Helping hands: Latino community rushed to support immigrants impacted by October’s wildfires
Eminol de Los Santos and his family desperately needed assistance after October’s wildfires destroyed their Coffey Park rental home, cars and all their other belongings. Uneasy about seeking federal aid, he sought out support in the Latino community, which mobilized within hours after the fires erupted Oct. 8 to assist displaced immigrant families.
One of the first people he saw was Omar Medina, a man he recognized from four years earlier when Medina campaigned for the Santa Rosa City Schools board. He felt a wave of relief. “It was a blessing,” de Los Santos said of the comfort and support received from Medina, later named coordinator of the newly created UndocuFund, that provides financial assistance to undocumented families impacted by the fire.

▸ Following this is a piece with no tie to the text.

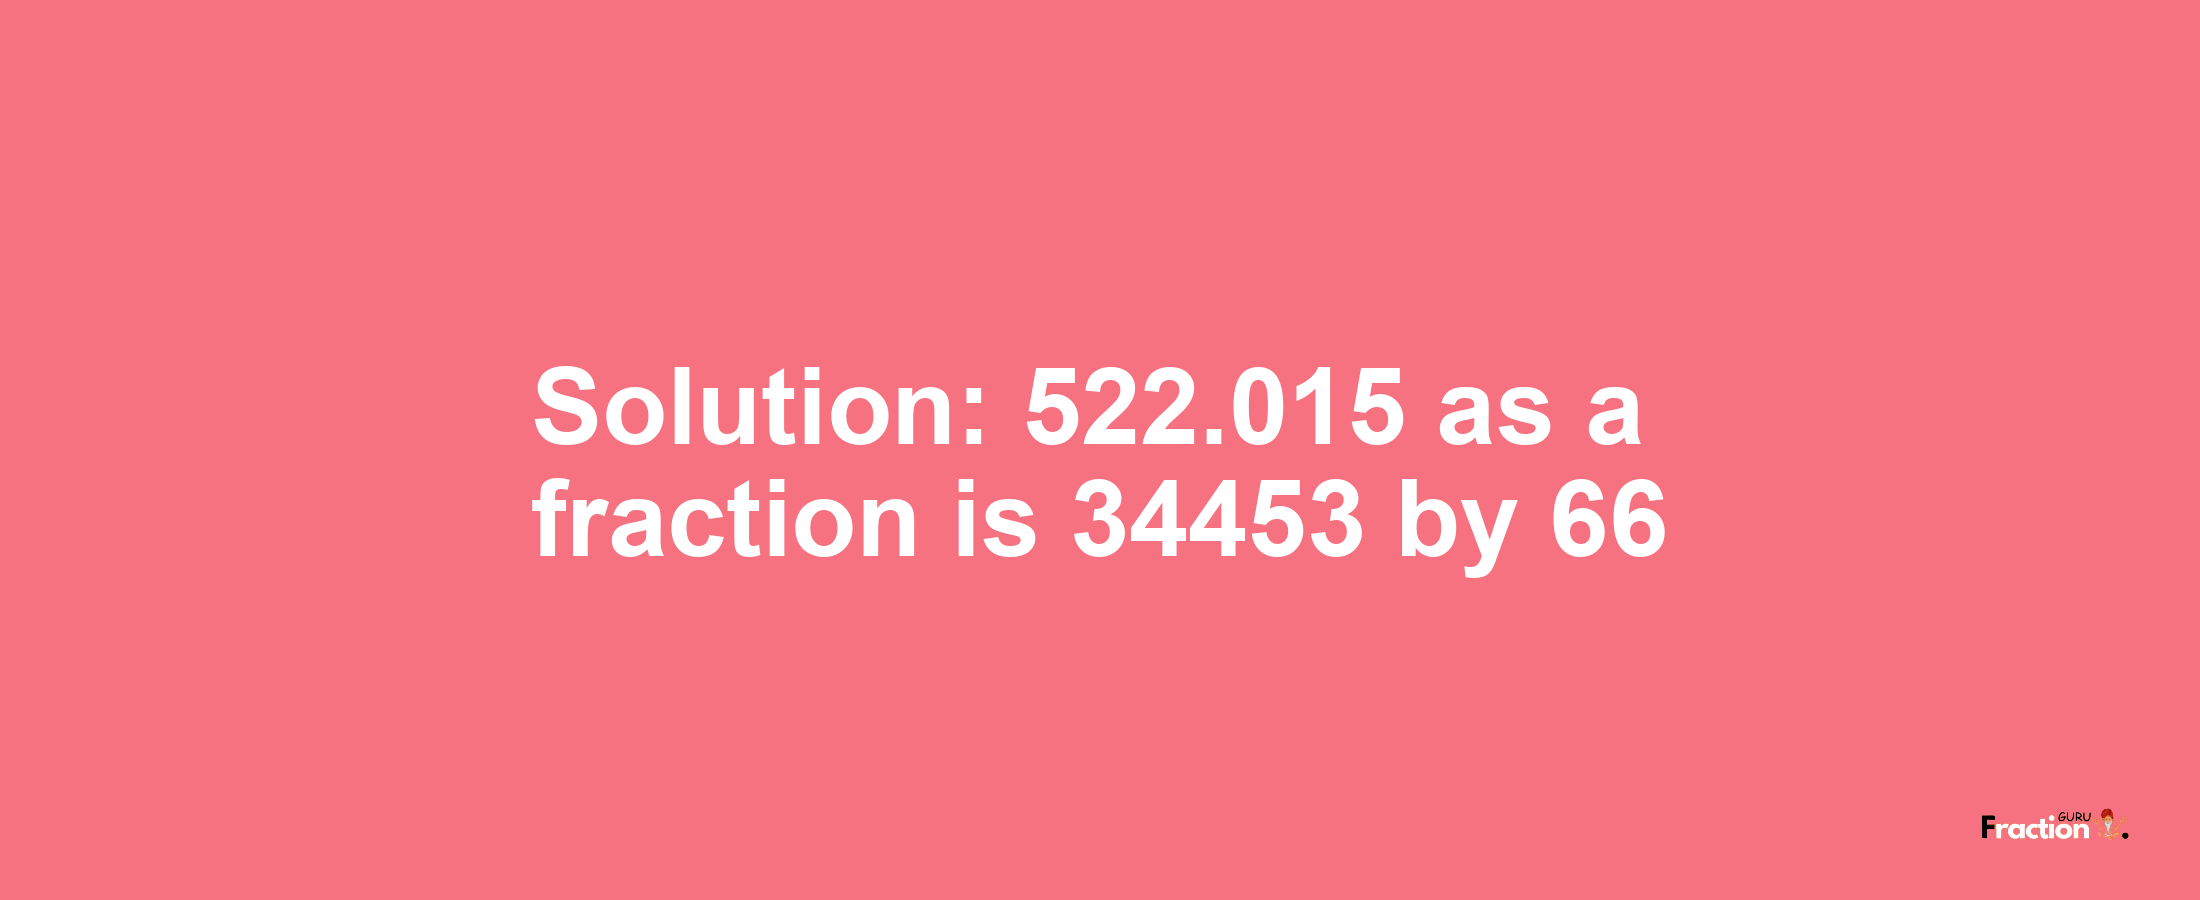 Solution:522.015 as a fraction is 34453/66

Medina, along with community organizers like Raizes Collective founder Isabel Lopez and Alegria de La Cruz, chief deputy county counsel for Sonoma County, spent the critical days of the wildfires providing accurate details in Spanish on the fire locations and the evacuation orders, countering misinformation that was creating confusion and panic among the immigrant community. When the smoke cleared, and the community toll became visible, their focus shifted to getting families disaster relief.
While de Los Santos’ neighborhood of Coffey Park was leveled by flames, the domino effect of the fires on the Latino community was also profound: hundreds of landscapers, contractors and home care workers lost jobs at homes destroyed in Fountaingrove and elsewhere. Others found themselves facing eviction from their rented homes as landlords made them available to people they knew who were displaced by the fires. Suddenly, the Latino community needed basics such as shelter, food, clothing and financial aid for rent and security deposits.
It was a friend who referred him to Medina after seeing a Facebook post about UndocuFund, said de Los Santos, who first was greeted by Medina’s mom, Ana Mejia, when he stopped by their home in late November to apply for aid.
“She was just so kind,” de Los Santos said, surprised by the calm he felt.
Mejia, 63, who also housed families displaced by the fires, started volunteering with her son as soon as UndocuFund was launched.
“We need to help one another,” she said. It’s the only way the community will recover, she said.
De Los Santos said it was nothing like his experience with Federal Emergency Management Agency officials who had set up a hub in downtown Santa Rosa. He said the first thing they asked for was a Social Security number, so he and his family walked out. They later tried applying for federal aid after they heard they could do so through their U.S.-born children but were denied that over what de Los Santos said was an application error. They never appealed.
An effort launched by Graton Day Labor Center, North Bay Organizing Project and North Bay Jobs with Justice, UndocuFund has provided $4 million in aid to 1,400 undocumented families impacted by the fires, Medina said. Many people had skipped the FEMA line out of fear of deportation, he said.
“It’s justifiable given the climate that we’re in,” said Medina, who already had been working with undocumented immigrants through the North Bay Rapid Response Network of Sonoma and Napa counties, which mans a ?24-hour emergency hotline.
About a month after the firestorm wiped out 5,130 homes and killed 24 people in Sonoma County, Medina, 39, and other organizers held the first UndocuFund clinic at the Roseland Village Neighborhood Center on Sebastopol Road, where 115 families signed up for assistance.
‘A trusted source’
Four miles north, Anita Maldonado and her team at California Human Development had set up a wildfire relief and resource center after noticing families weren’t visiting the FEMA hub.
“They wanted to come to a trusted source,” said Maldonado, the nonprofit’s executive director.
So far, they’ve helped 1,200 families who lost homes or wages because of the fires with rental assistance, security deposits, utility bills and gift cards, said Jenna Brager, who oversees the relief center. Families still continue to trickle in seeking help, including mental health support. The nonprofit now is offering weekly grief and mental support groups at the facility off Airway Drive in Santa Rosa.
“We’re seeing a lot of impacts on emotional and mental health for our clients. There’s a lot of grief,” Brager said. “We have lots of clients who haven’t returned to stable housing or stable incomes.”
The fires shook the immigrant community, one that already had been on edge after increased immigration enforcement around the state and country.